On November 23, 2010, U.S. Citizenship and Immigration Services ("USCIS") issued a revised version of Form I-129, Petition for Nonimmigrant Worker, that includes a new section – Part 6 – related to export controls. Entitled "Certification Regarding the Release of Controlled Technology or Technical Data to Foreign Persons in the United States," this new section requires employers to certify that they will not allow the sponsored foreign national ("FN") access to controlled technology or technical data (including source code and other software) in the workplace unless the necessary export license is obtained. Use of the new Form became mandatory on December 23, 2010, but, due to inquiries received by USCIS, employers will not be required to complete Part 6 until at least February 20, 2011.
This new section of the Form I-129 requires prospective employers of nonimmigrants to address export control issues that traditionally have been the focus of the nonimmigrant visa process performed by the U.S. Department of State ("DOS") at its embassies or consulates abroad. Part 6 reflects the Commerce Department's "deemed export" rules that already are in place. These deemed export rules are contained in the Export Administration Regulations ("EAR") and the International Traffic in Arms Regulations ("ITAR"), which prohibit giving certain FNs access to controlled technology or technical data unless an export license is secured.
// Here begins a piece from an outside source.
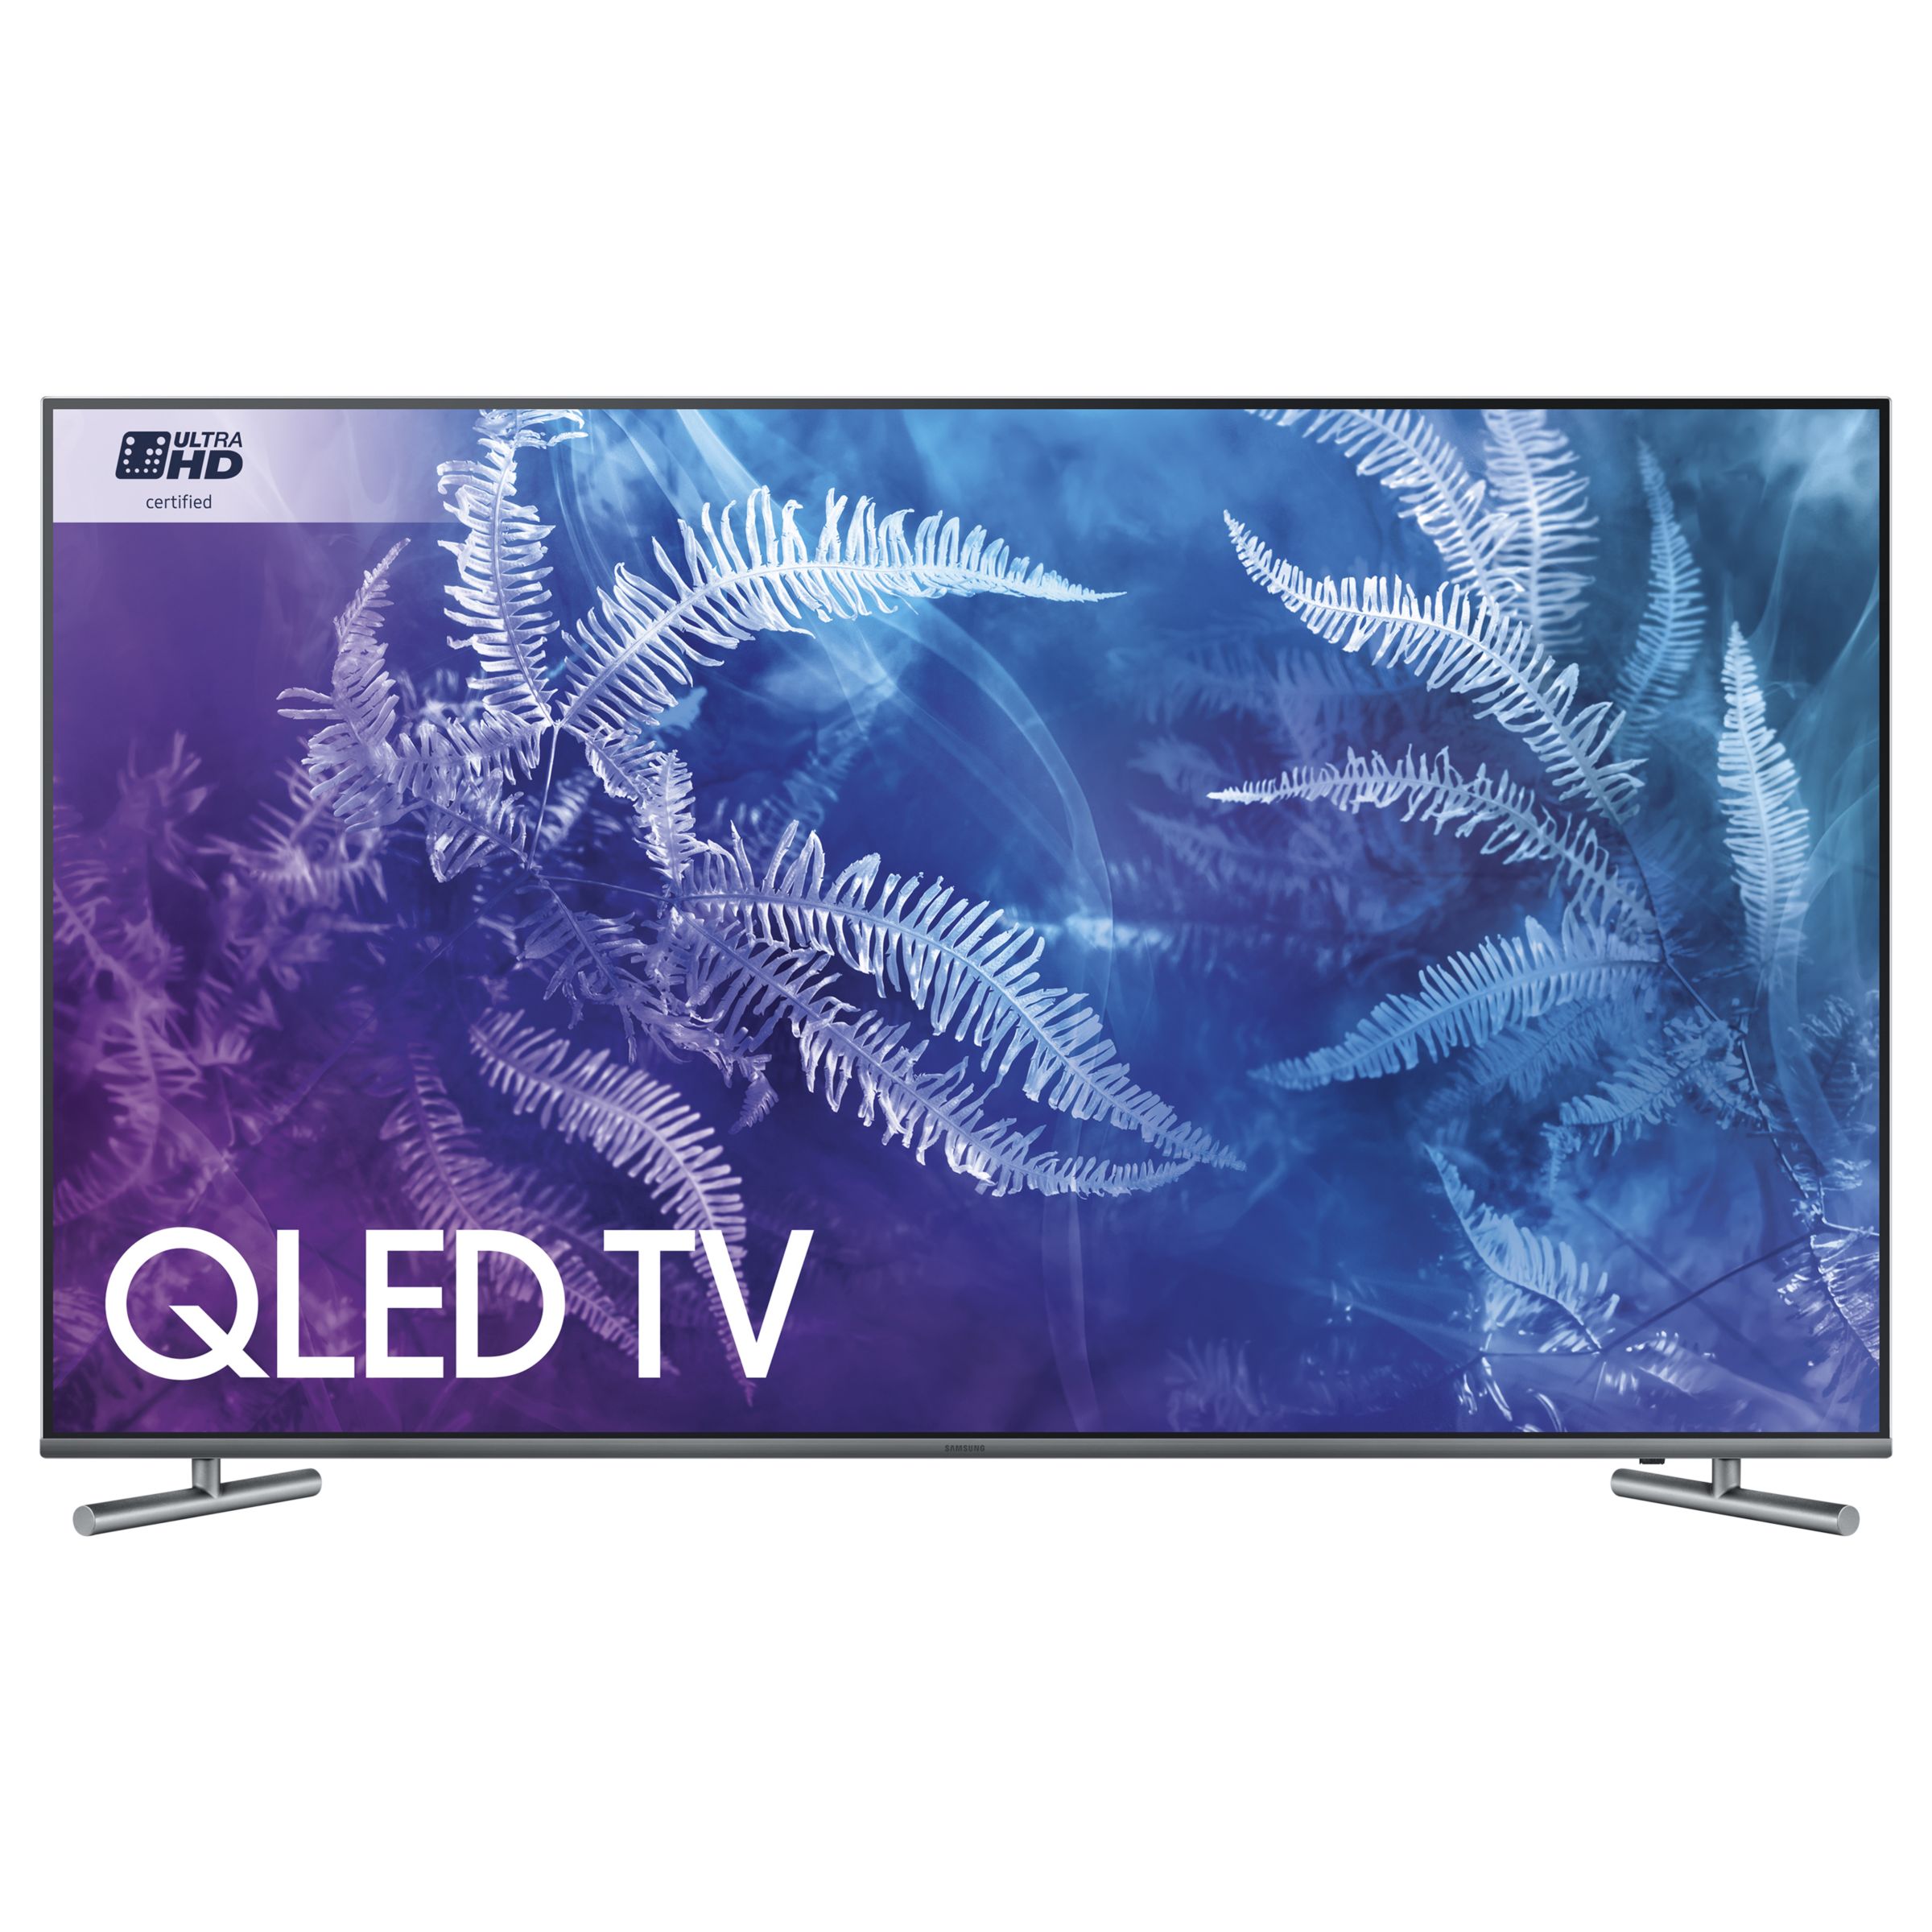 Samsung QE65Q6F QLED HDR 1000 4K Ultra HD Smart TV, 65" with TVPlus/Freesat HD & 360 Design, Ultra HD Certified, Silver

To complete Part 6, sponsoring employers must first familiarize themselves with the EAR and ITAR to determine if they use controlled technologies. If they do, then the sponsoring employers must assess if the sponsored FN will have access to that technology and, if so, whether an export license is required. If such a license is necessary, a sponsoring employer must certify in Part 6 that it will secure the necessary license before allowing the sponsored FN access to the technology.
Organizations that regularly deal with controlled technology generally have programs in place to control access. There are many organizations, however, that may use this technology inadvertently and not realize that an export license may be required. The consequences of noncompliance are serious. Violators are subject to civil fines of up to $500,000 per violation and criminal prosecution that can result in criminal penalties of up to $1 million and 10 years in prison. As a result, HR professionals who oversee their employer's immigration activities need to familiarize themselves with the "deemed export" rules so they can properly respond to Part 6 of the new Form I-129 petition.